The Fed is facing fresh criticism from U.S. President Donald Trump following a two-day conference where the body is anticipated to announce a new decision relating to interest rates.
The U.S. Federal Reserve is expected to leave borrowing costs at the same level as it aims to maintain a ‘patient’ fiscal policy stance amidst robust economic growth.
The economy is on an upward trajectory and unemployment is near historical lows. But that hasn’t hindered President Donald Trump’s assault on the Jerome Powell and the Fed, insisting that the body cut interest rates by an entire percentage to boost American development.
On Tuesday, Trump tweeted that the U.S. economy has “the capacity to go up like a rocket” if the Fed would only sever rates and resume the emergency bond purchasing programs it unveiled after the 2008 financial downturn aiming to relieve long-lasting loan rates and to spur growth and development.
The comments mark the most recent and most pointed turn in Trump’s repeated objection of Fed Chairman Jerome Powell, a system that has diverged with a 25-year tradition of U.S. presidents straying away from statements on Fed policy out of regard for its autonomy.
Trump contrasted the Fed’s moves with China’s economic growth, which he concluded was bolstered by pro-active lending policies. The president has been especially critical of Fed Chairman Jerome Powell and the Fed’s credit tightening policies.
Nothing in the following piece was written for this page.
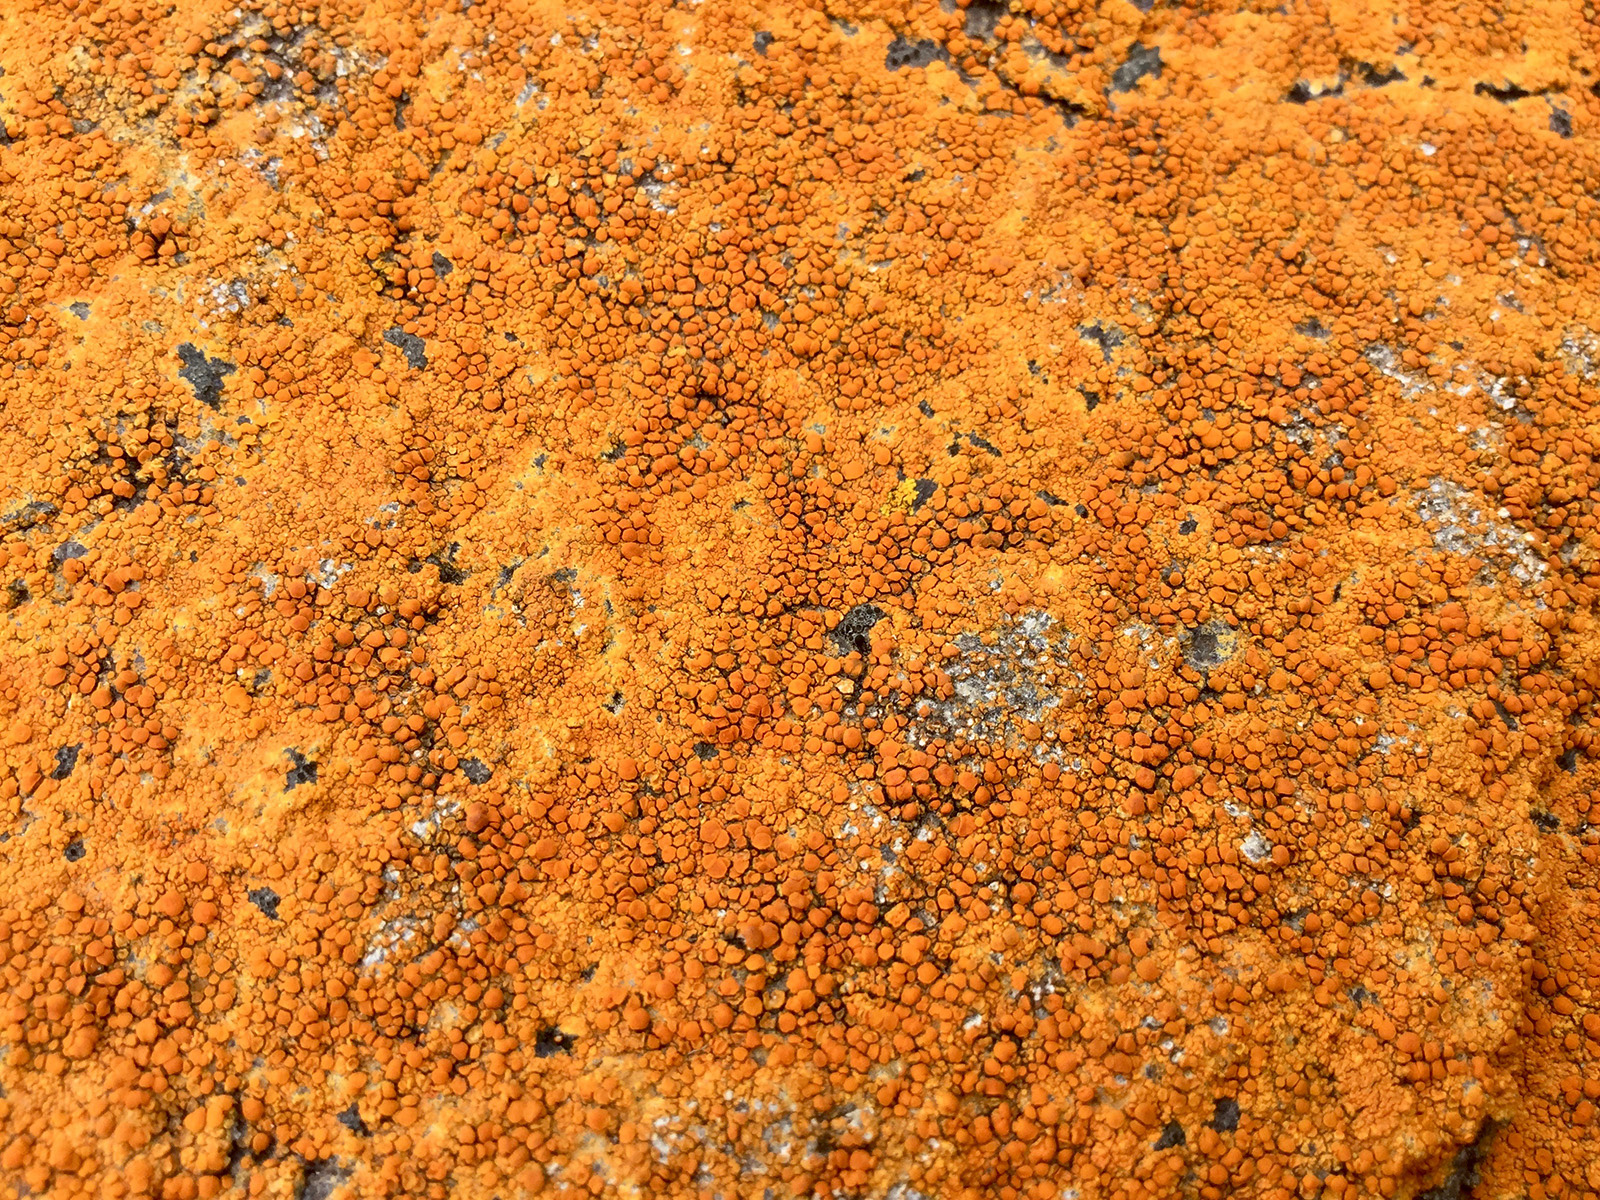 Lichen on the rocks at Granton Shore, Edinburgh

Trump’s suggestion to cut interest rates by a full percentage point would be significant. The last time the Fed cut rates that much was in December 2008, in the midst of the most significant monetary crisis since the Great Depression. The central bank slashed rates from one percent to zero at the end of 2008. It had never done anything like that prior to the crisis. And, with the economy continuing to grow, the body is certainly not likely to do it again anytime soon.
So what’s the Fed to do?
The Fed will likely repeat a message that has actually reassured consumers and financiers since the start of the year: No rate hikes are on the agenda this year.
The Fed’s low-rate policy is keeping loan expenses down, serving to enhance stock markets and help support an economy that’s growing steadily. And with inflation remaining subdued, the Fed is viewed as able to remain on the sidelines at least throughout 2019.
Economic experts overwhelmingly anticipate no significant change in its rate policy.
Ahead of the Fed ruling, futures markets were predicting reasonable gains in U.S. stock exchanges on Wednesday morning. Dow futures and the more comprehensive S&P 500 futures are both up 0.3%.
The U.S. stock market has been riding high this year, even breaking records, after mounting a massive resurgence from an abrupt drop at the end of 2018. Investors have been cheered by evidence that the global economy is back on track.
U.S. markets are expected to open in the green today, while the dollar continues to slip.